For the purpose of determining the scope, an embedded_statement is considered to be in its own scope. For example, the grammar for an if_statement is

if_statement
    : 'if' '(' boolean_expression ')' embedded_statement
    | 'if' '(' boolean_expression ')' embedded_statement 'else' embedded_statement
    ;

So if the controlled statement of an if_statement declares a pattern variable, its scope is restricted to that embedded_statement:

if (x) M(y is var z);

In this case the scope of z is the embedded statement M(y is var z);.

Other cases are errors for other reasons (e.g. in a parameter's default value or an attribute, both of which are an error because those contexts require a constant expression).

In C# 7.3 we added the following contexts in which a pattern variable may be declared:

  • If the expression is in a constructor initializer, its scope is the constructor initializer and the constructor's body.
  • If the expression is in a field initializer, its scope is the equals_value_clause in which it appears.
  • If the expression is in a query clause that is specified to be translated into the body of a lambda, its scope is just that expression.

Changes to syntactic disambiguation

There are situations involving generics where the C# grammar is ambiguous, and the language spec says how to resolve those ambiguities:

7.6.5.2 Grammar ambiguities

The productions for simple-name (§7.6.3) and member-access (§7.6.5) can give rise to ambiguities in the grammar for expressions. For example, the statement:

F(G<A,B>(7));

could be interpreted as a call to F with two arguments, G < A and B > (7). Alternatively, it could be interpreted as a call to F with one argument, which is a call to a generic method G with two type arguments and one regular argument.

If a sequence of tokens can be parsed (in context) as a simple-name (§7.6.3), member-access (§7.6.5), or pointer-member-access (§18.5.2) ending with a type-argument-list (§4.4.1), the token immediately following the closing > token is examined. If it is one of

(  )  ]  }  :  ;  ,  .  ?  ==  !=  |  ^

then the type-argument-list is retained as part of the simple-name, member-access or pointer-member-access and any other possible parse of the sequence of tokens is discarded. Otherwise, the type-argument-list is not considered to be part of the simple-name, member-access or > pointer-member-access, even if there is no other possible parse of the sequence of tokens. Note that these rules are not applied when parsing a type-argument-list in a namespace-or-type-name (§3.8). The statement

F(G<A,B>(7));

will, according to this rule, be interpreted as a call to F with one argument, which is a call to a generic method G with two type arguments and one regular argument. The statements

F(G < A, B > 7);
F(G < A, B >> 7);

will each be interpreted as a call to F with two arguments. The statement

x = F < A > +y;

will be interpreted as a less than operator, greater than operator, and unary plus operator, as if the statement had been written x = (F < A) > (+y), instead of as a simple-name with a type-argument-list followed by a binary plus operator. In the statement

x = y is C<T> + z;

the tokens C<T> are interpreted as a namespace-or-type-name with a type-argument-list.

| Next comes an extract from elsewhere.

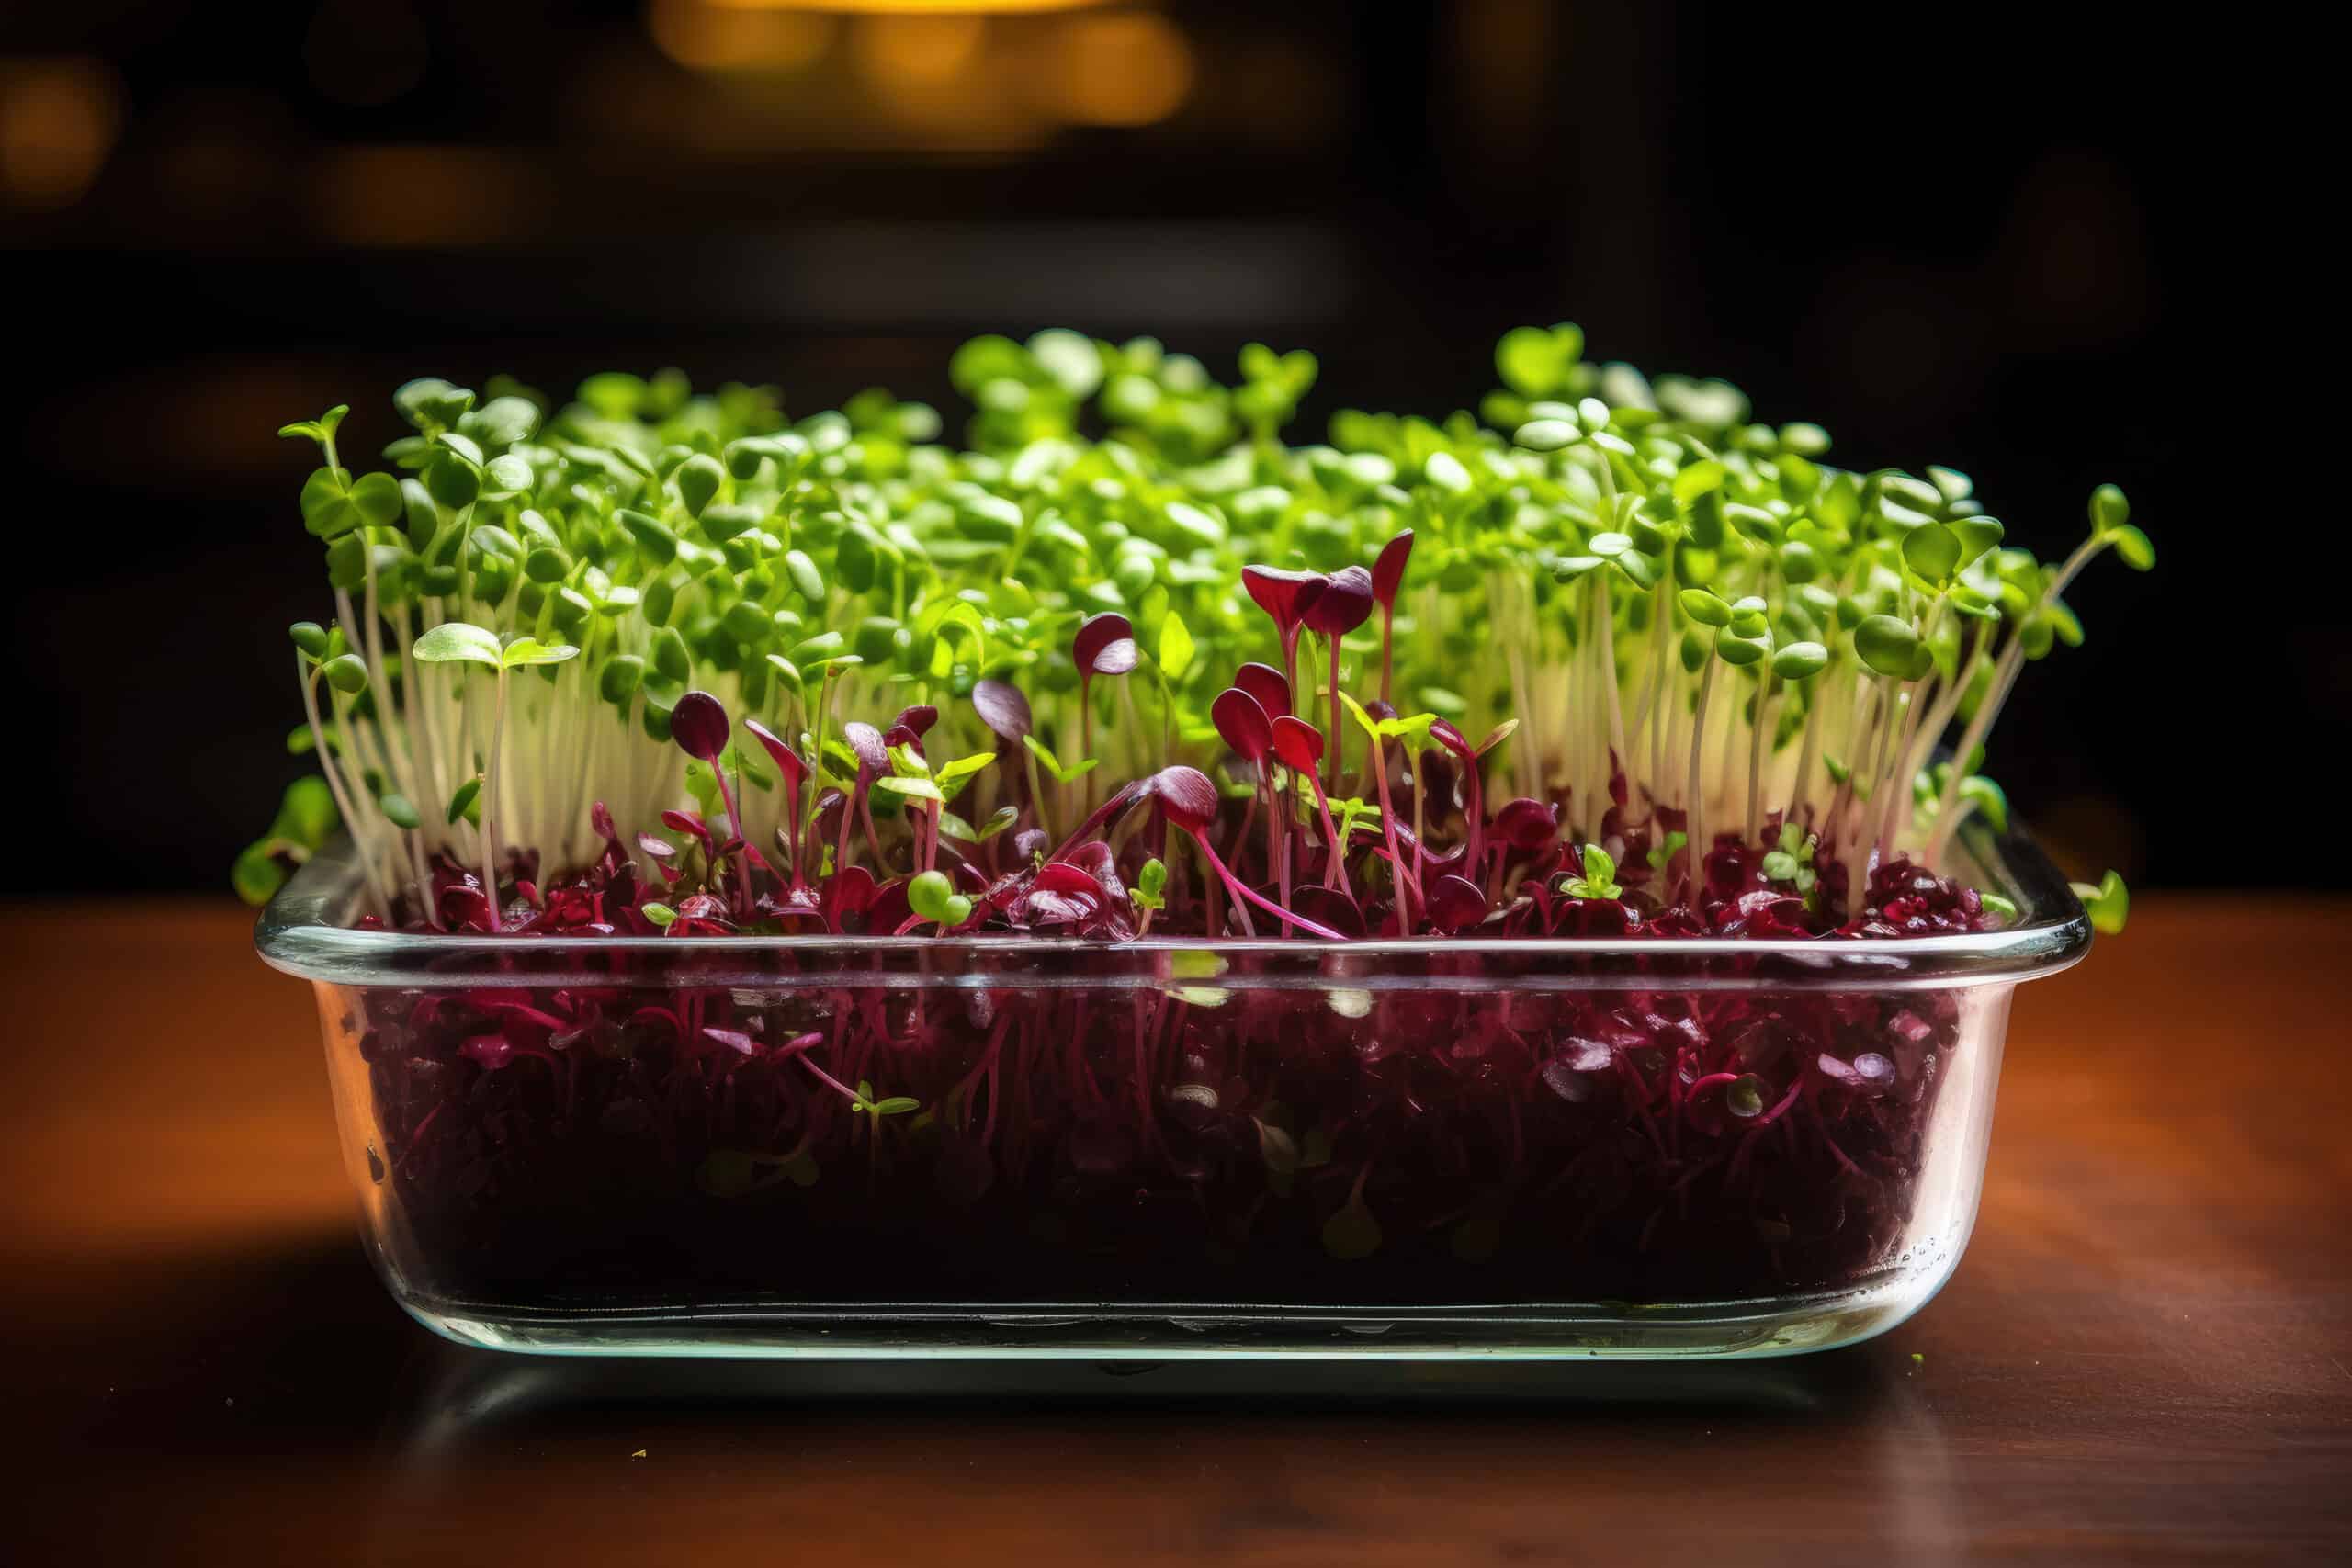 growmyownhealthfood.com : Can I eat microgreens instead of vegetables?

There are a number of changes being introduced in C# 7 that make these disambiguation rules no longer sufficient to handle the complexity of the language.

Out variable declarations

It is now possible to declare a variable in an out argument:

M(out Type name);

However, the type may be generic:

M(out A<B> name);

Since the language grammar for the argument uses expression, this context is subject to the disambiguation rule. In this case the closing > is followed by an identifier, which is not one of the tokens that permits it to be treated as a type-argument-list. I therefore propose to add identifier to the set of tokens that triggers the disambiguation to a type-argument-list.

Tuples and deconstruction declarations

A tuple literal runs into exactly the same issue. Consider the tuple expression

(A < B, C > D, E < F, G > H)

Under the old C# 6 rules for parsing an argument list, this would parse as a tuple with four elements, starting with A < B as the first. However, when this appears on the left of a deconstruction, we want the disambiguation triggered by the identifier token as described above:

(A<B,C> D, E<F,G> H) = e;

This is a deconstruction declaration which declares two variables, the first of which is of type A<B,C> and named D. In other words, the tuple literal contains two expressions, each of which is a declaration expression.

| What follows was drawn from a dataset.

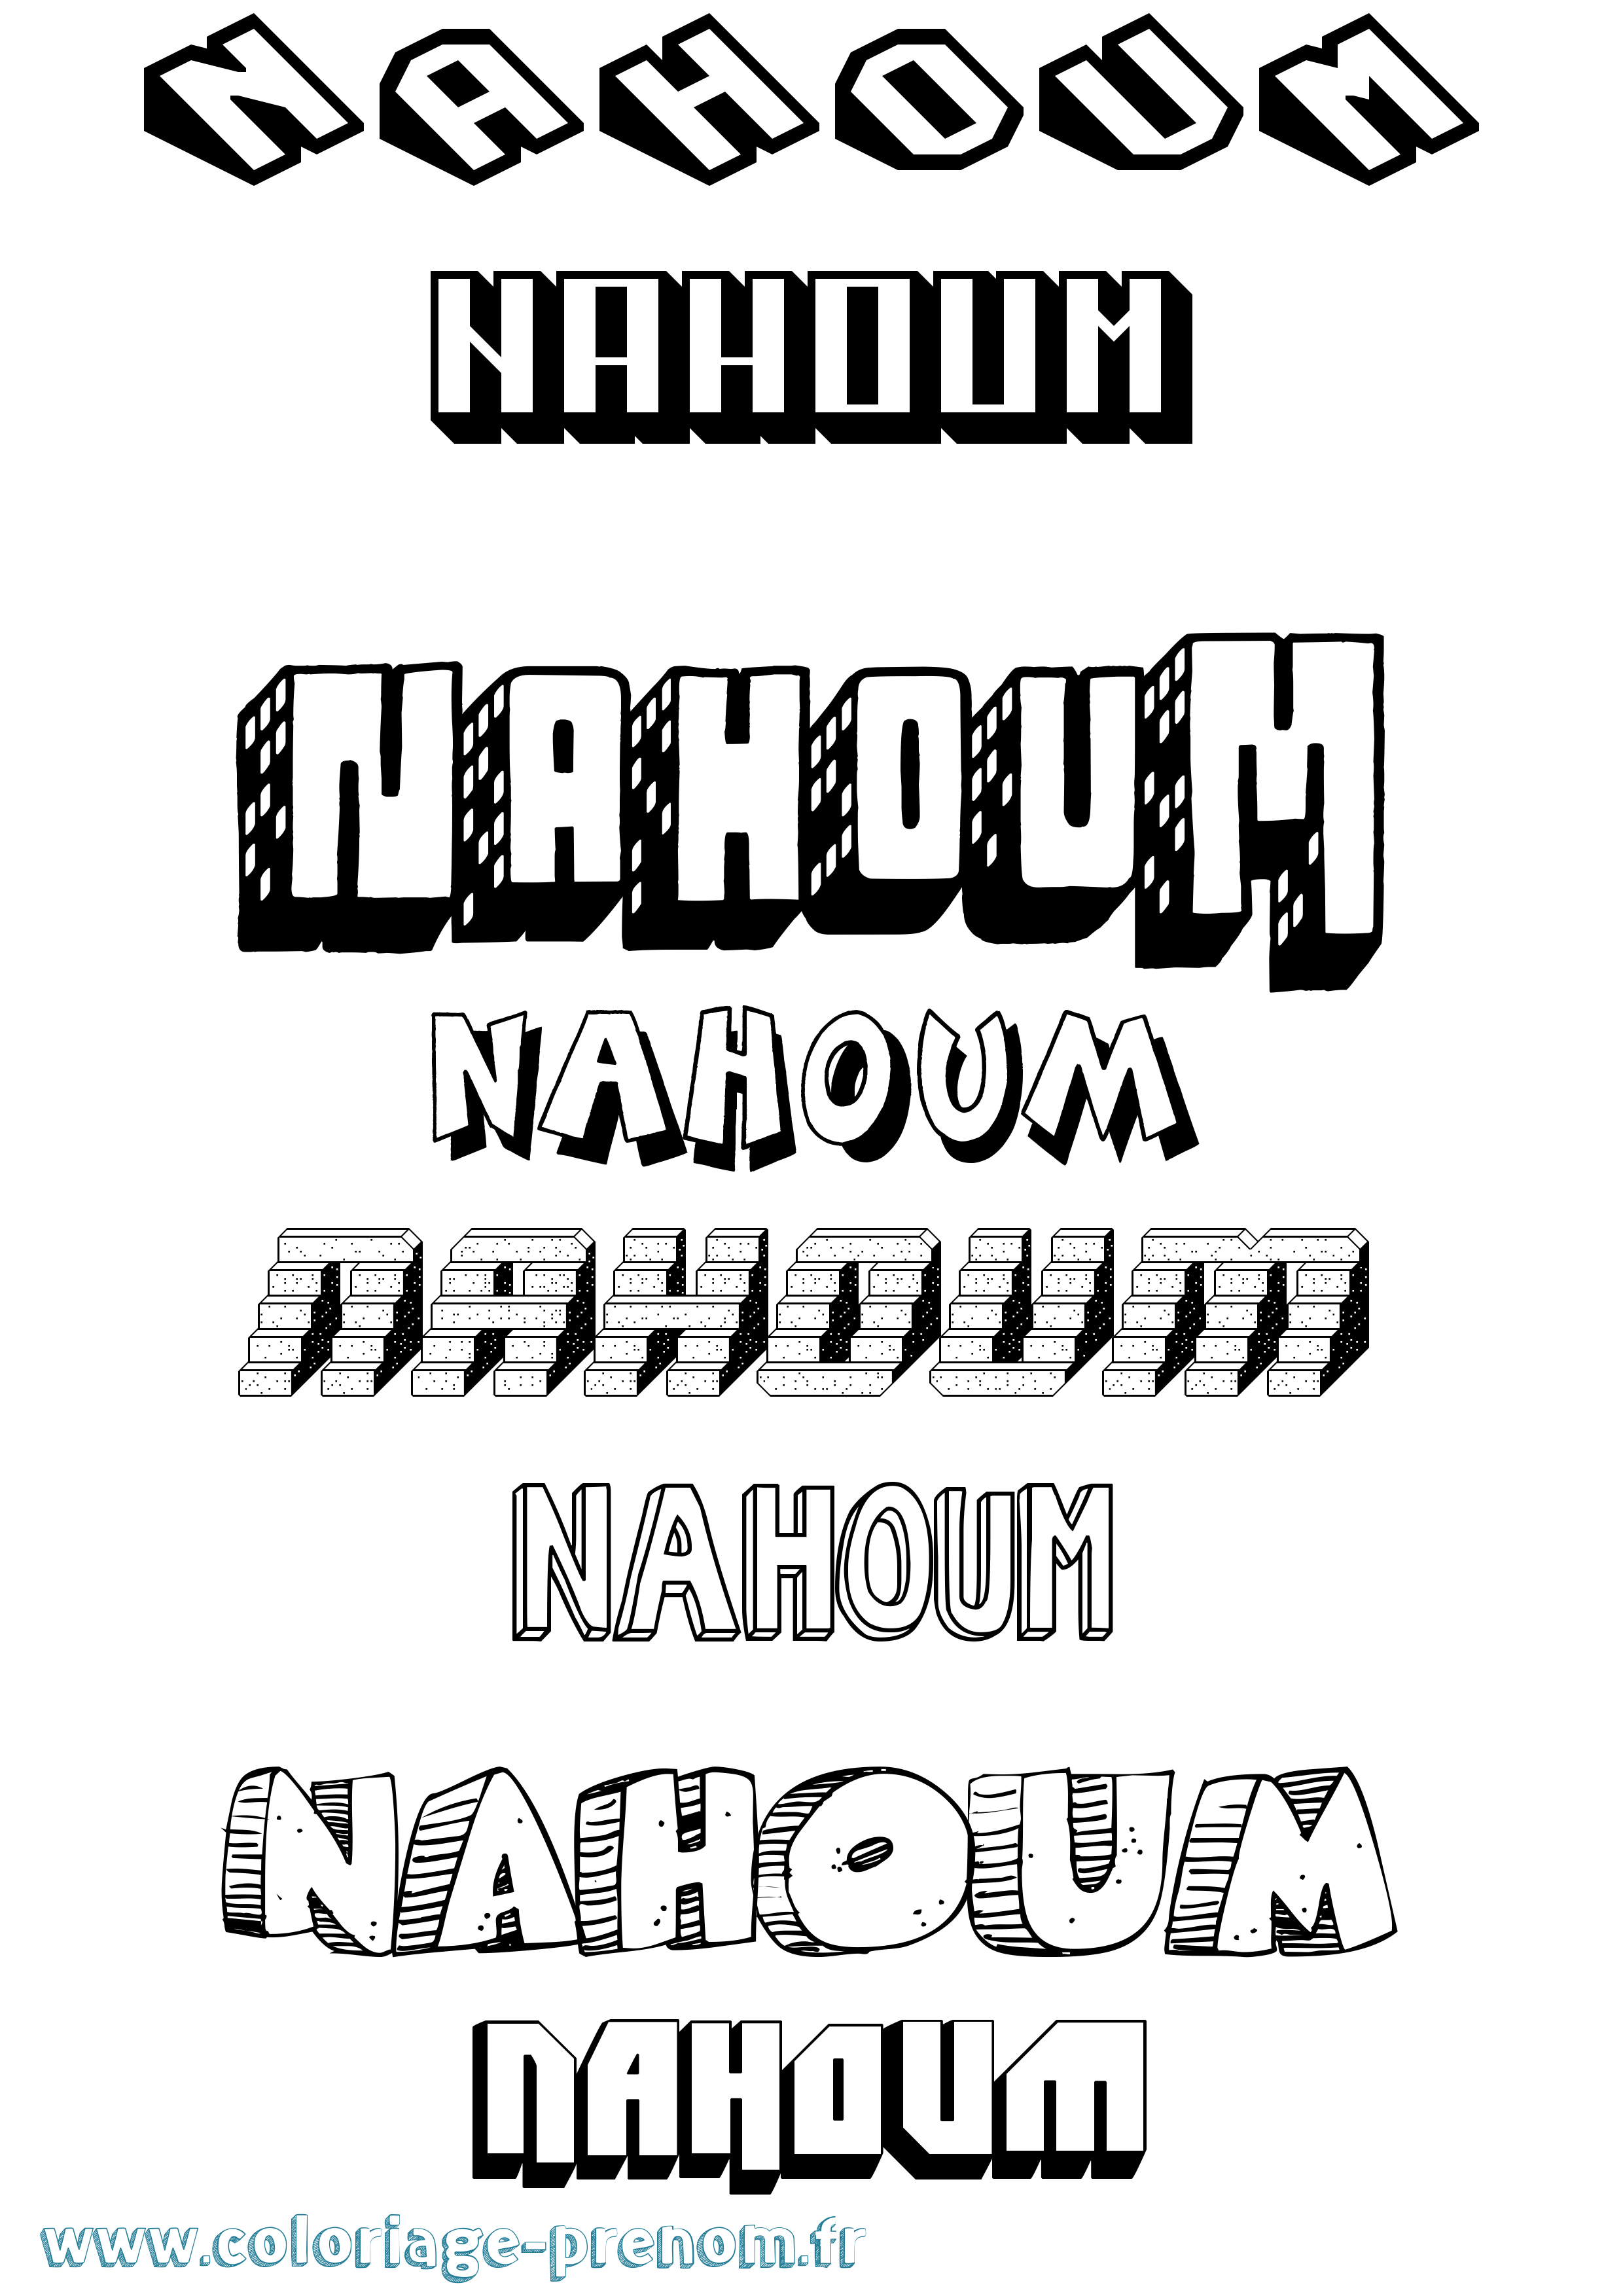 Coloriage prénom Nahoum Effet 3D

For simplicity of the specification and compiler, I propose that this tuple literal be parsed as a two-element tuple wherever it appears (whether or not it appears on the left-hand-side of an assignment). That would be a natural result of the disambiguation described in the previous section.

Pattern-matching

Pattern matching introduces a new context where the expression-type ambiguity arises. Previously the right-hand-side of an is operator was a type. Now it can be a type or expression, and if it is a type it may be followed by an identifier. This can, technically, change the meaning of existing code:

var x = e is T < A > B;

This could be parsed under C#6 rules as

var x = ((e is T) < A) > B;

but under under C#7 rules (with the disambiguation proposed above) would be parsed as

var x = e is T<A> B;

which declares a variable B of type T<A>. Fortunately, the native and Roslyn compilers have a bug whereby they give a syntax error on the C#6 code. Therefore this particular breaking change is not a concern.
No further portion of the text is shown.